Orson Scott Card describes being at a party of literati in the New Republic:
It wasn’t that many years ago when I happened to be in Raleigh at a gathering of literary folk who were quite full of their own superiority. They started talking about people who (gasp!) let years go by without reading a single book.“Why do they even bother being alive?” asked one of them. Almost everyone laughed.
They went on and on about the worthlessness of the lives of non-intellectuals. Shopping in malls. Eating at McDonald’s. Driving their gas-guzzling cars.
I did ask where they shopped, and which of them had arrived at the party by balloon. I have not been invited to such gatherings since.

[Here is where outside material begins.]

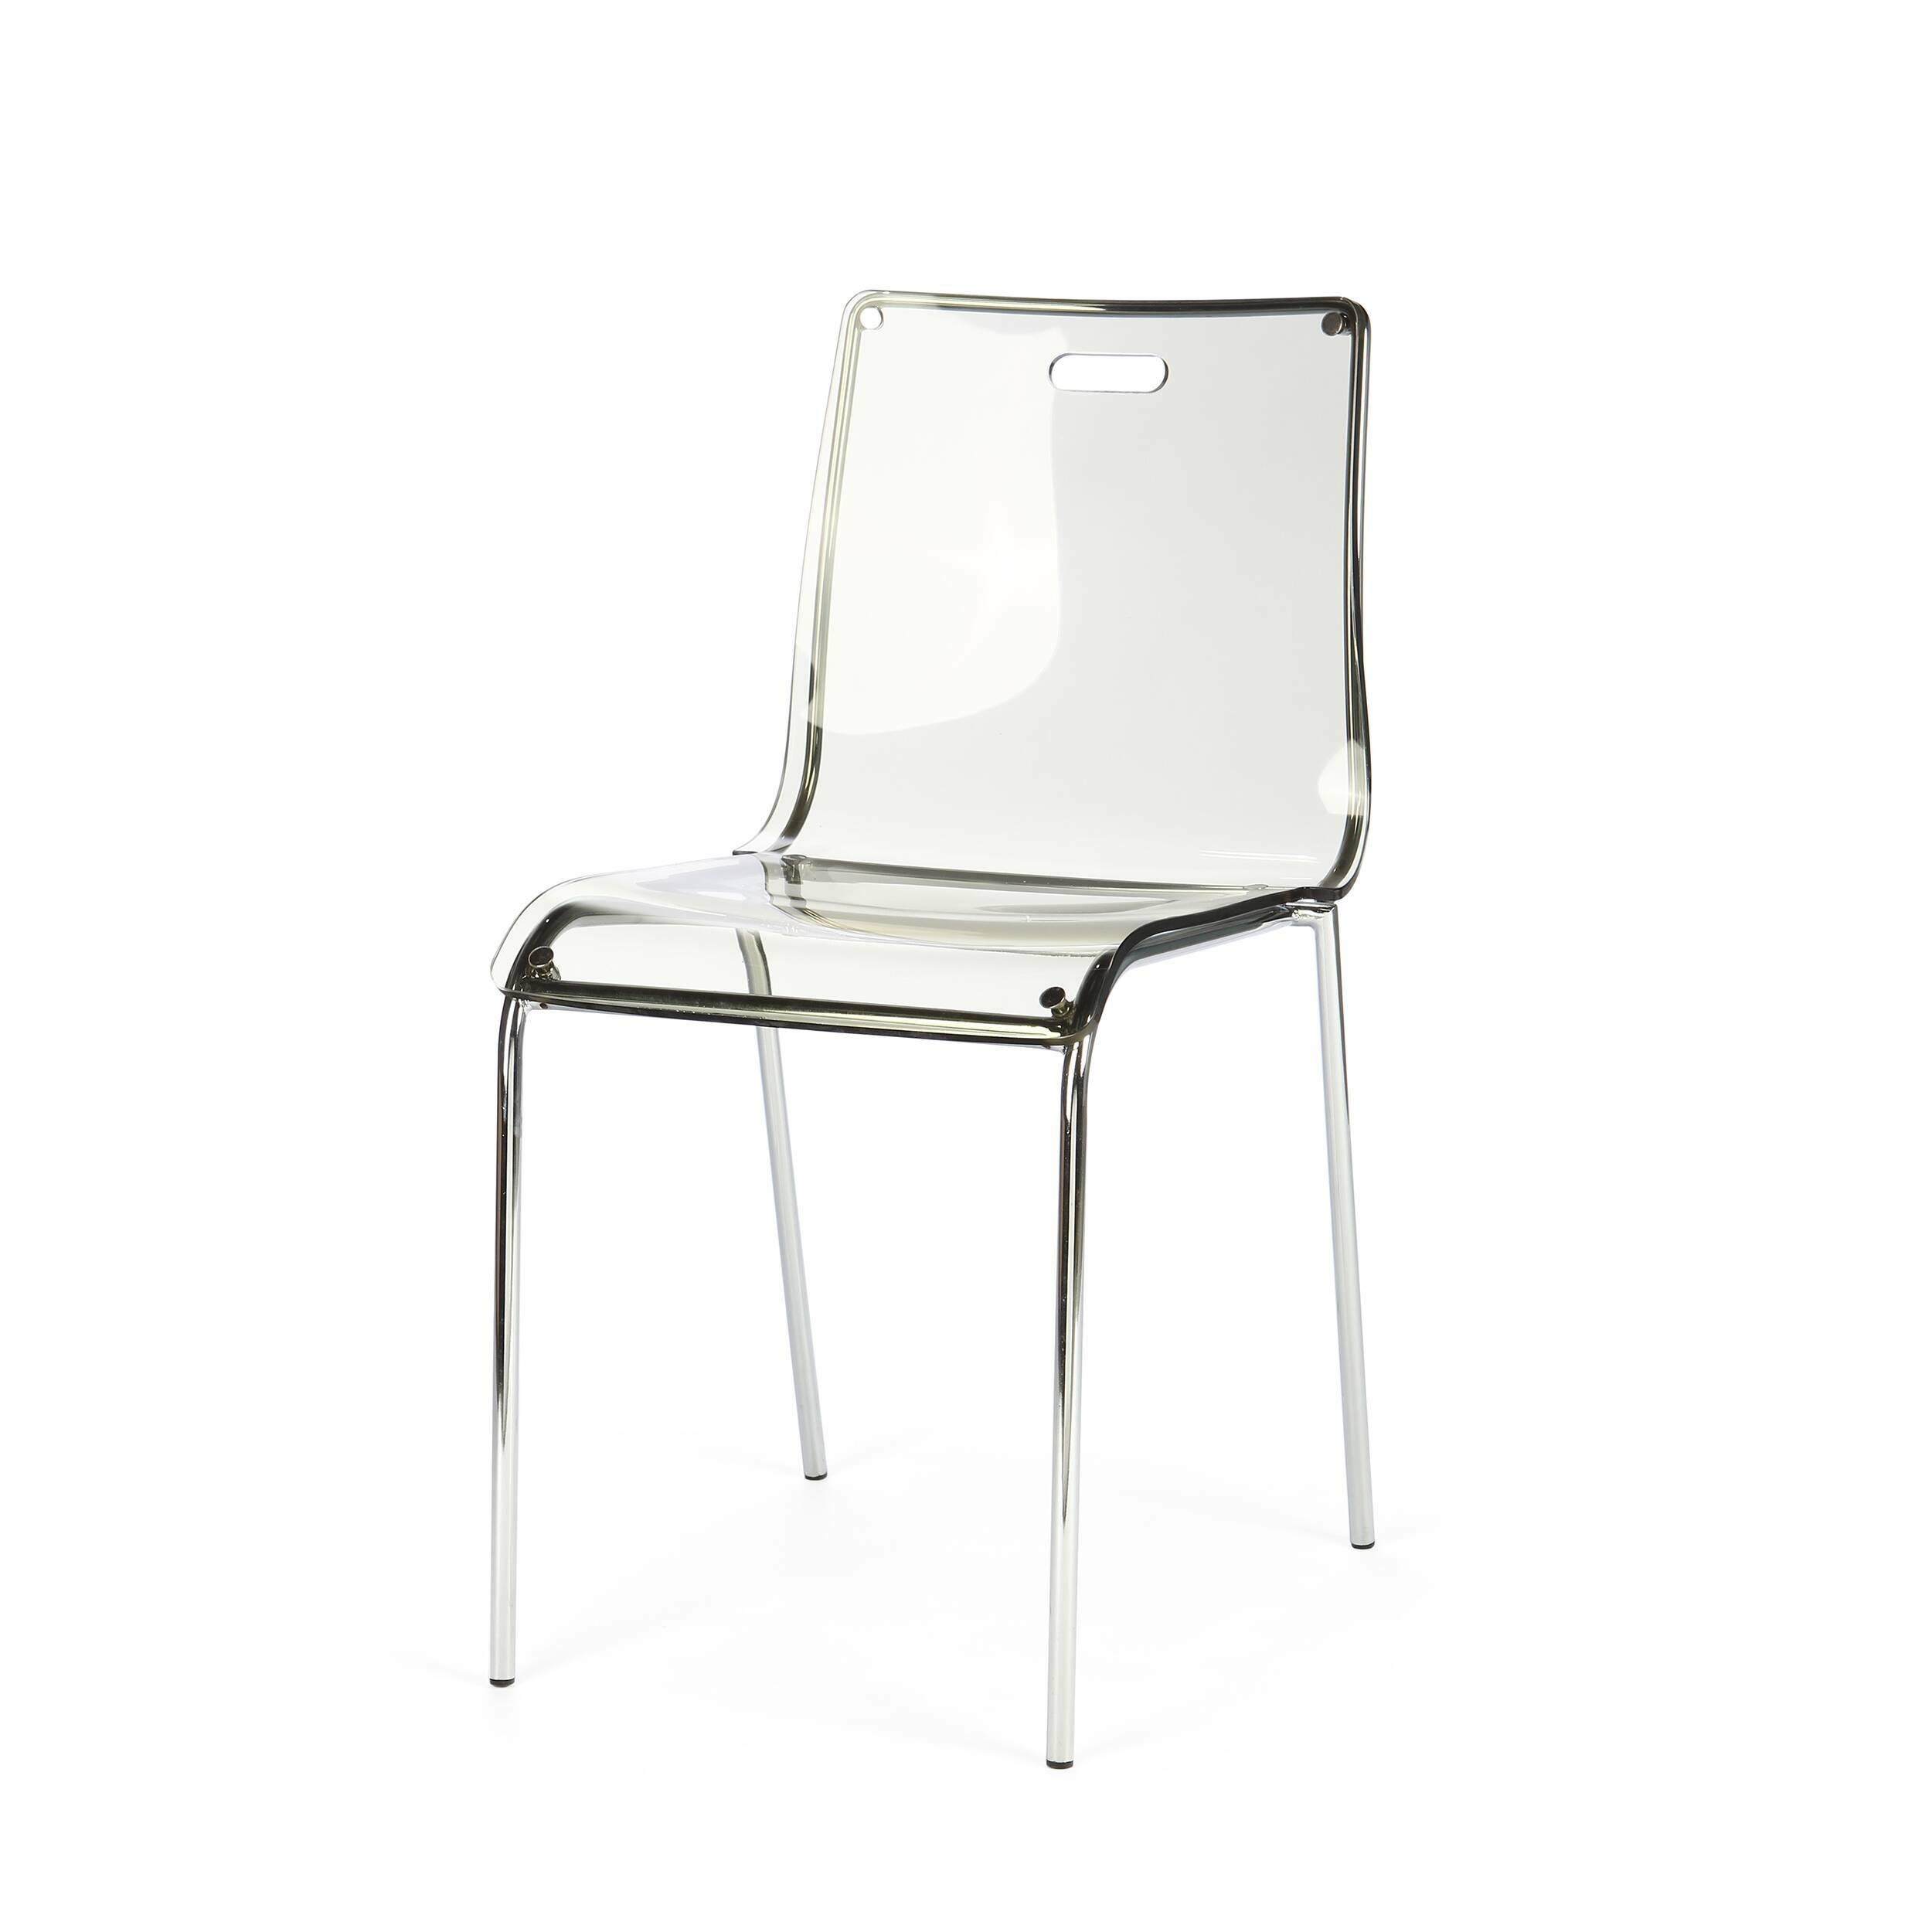 Стул AcrylicИнтерьерные<br>Cтул Acrylic — одна из моделей мебели одноименной коллекции. Вся линейка состоит из мебели, объединенной одним стилем и материалами исполнения. Acryl, или акрил — это материал, который хорош в изготовлении мебели с глянцевой поверхностью. Он обладает высокой прочностью и устойчивостью к истиранию. Он также водонепроницаем и отлично выдерживает перепады температур. <br> <br> Модель выполнена в тех же цветах, что и барный стул. Небесно-голубой и серый цвета лаконичны и универсальны для любого совре...<br><br>stock: 9<br>Высота: 79.5<br>Высота сиденья: 43-47.5<br>Ширина: 46.5<br>Глубина: 53<br>Цвет ножек: Хром<br>Цвет сидения: Дымчатый<br>Тип материала сидения: Акрил<br>Тип материала ножек: Сталь

It’s so easy to decide that someone else’s life is not worth living. Lacking something that we regard as essential, we cannot fathom how they get through a day.
The nattering of intellectuals about the valuelessness of the “unexamined life” might be taken as hyperbole, if it weren’t for the fact that it is precisely our intellectual elite that has decided to set itself up as champions of the right to murder people “for their own good.”
... For instance, we now live in a country where you can kill your wife, as long as she’s tragically brain-damaged, lying in a hospital bed, unable to speak.
She does open her eyes, though. And she can track objects that move across her field of vision. She isn’t in a coma.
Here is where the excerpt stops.